Certains points semblent, selon vous, ne pas devoir faire débat parce qu'ils tiennent de l'évidence ou qu'ils sont largement admis. Or ils paraissent pouvoir faire l'objet de discussion.
Vous avez ainsi avancé que la réduction du temps de travail avait engendré des coûts pour les entreprises et que la collectivité, consciente qu'il s'agissait d'une mauvaise mesure, avait considéré qu'elle devait les prendre en charge à travers des allégements de cotisations, allégements qu'il a fallu compenser pour ne pas trop pénaliser les organismes de protection sociale. C'est oublier que les créations d'emplois concomitantes – qu'elles aient été obtenues grâce à la RTT ou pas – ont contribué à ce que les comptes sociaux soient en meilleure santé puisque davantage de salariés ont cotisé.
Vous avez évoqué la dégradation de la compétitivité. Or la modération salariale, les baisses de cotisations mais aussi les possibilités d'aménager le temps de travail de manière plus flexible ont permis, par exemple, aux grandes entreprises de gérer le temps d'utilisation des machines de manière à améliorer la productivité. La réduction du temps de travail n'a pas eu seulement les effets négatifs que vous dénonciez, d'autant que les situations varient d'une entreprise à une autre. Votre présentation aurait pu être plus modérée.
Vous avez beaucoup insisté sur la spécificité de la France par rapport à d'autres pays européens. Les chiffres relatifs au temps de travail fournis par Eurostat ne permettent cependant pas d'établir un lien direct entre faible niveau de chômage et durée légale du travail élevée. En Europe, les pays qui ont pu s'approcher d'un taux de chômage de 6 %, qui constitue une sorte d'idéal à atteindre – nos ambitions ne vont pas bien en deçà – l'ont fait au prix d'un recours important aux emplois à temps partiel, dont la moitié ont des durées inférieures à des mi-temps. Le temps partiel est une façon de réduire et de partager le temps de travail, mais il est mis en oeuvre différemment selon les pays. Aux États-Unis, avant la crise des subprimes, la moyenne du temps de travail était inférieure à 35 heures en raison du grand nombre de « petits boulots ». Pour nous, la réduction du temps de travail doit avoir pour objectif d'assurer le bon épanouissement de chacun, ce qui suppose un partage différent.
Selon vous, la réduction du temps de travail s'est soldée par une moindre attractivité de la France pour les investisseurs étrangers. Or, jusqu'en 2012, la France a été classée dans les premiers rangs pour les investissements étrangers, si ma mémoire est bonne.

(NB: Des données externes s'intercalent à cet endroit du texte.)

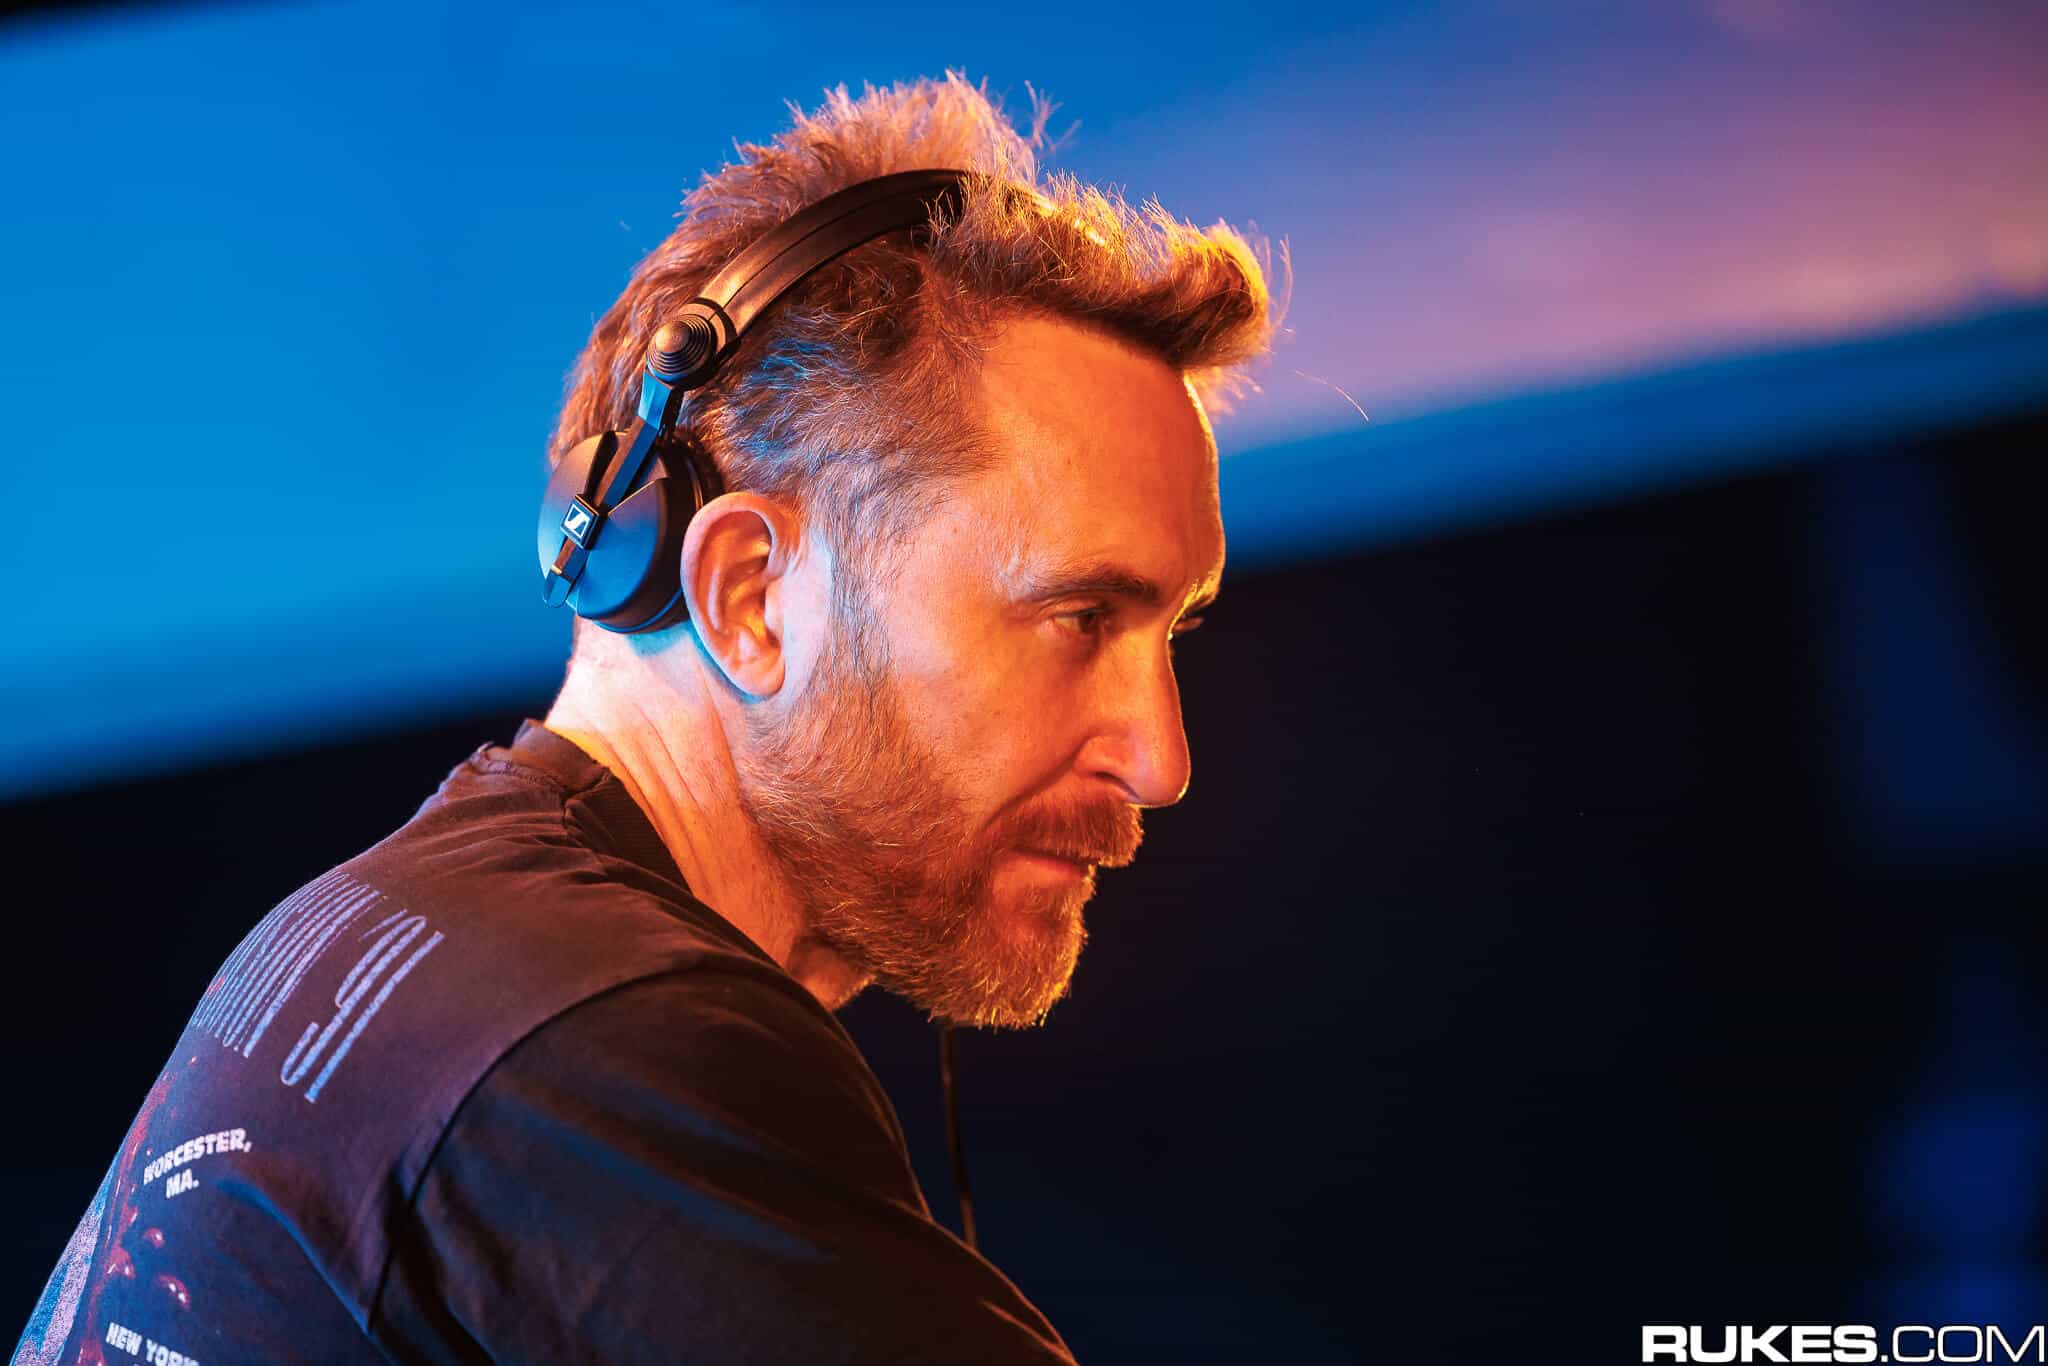 David Guetta & James Hype deliver an electrifying new remix of ‘Crazy What Love Can Do’: Listen

Vous avez affirmé que la réduction du temps de travail était une forme de capitulation qui impliquait que le retour à la croissance n'était pas possible, état d'esprit ravageur selon vous. Mais pourquoi ne pas considérer le fait qu'il faille moins d'heures de travail pour satisfaire l'essentiel de nos besoins comme une bonne nouvelle, dans la mesure où cela s'accompagne d'un meilleur partage entre ceux qui ont un travail et ceux qui n'en ont pas, entre les salariés et les actionnaires ? Rassurez-vous, je ne donne pas dans la caricature qui voudrait que les actionnaires n'existent pas et qu'il est anormal de les rémunérer, même si la France est championne européenne des dividendes versés aux actionnaires au deuxième trimestre 2014 – les chiffres parus il y a un mois ont montré qu'une majorité d'actionnaires était extrêmement bien rémunérée.
Le travail est important dans notre vie – d'autant plus important qu'on n'en a pas et que l'on en souffre –, mais réduire le temps qu'on y consacre peut aussi être envisagé comme un bien pour notre société.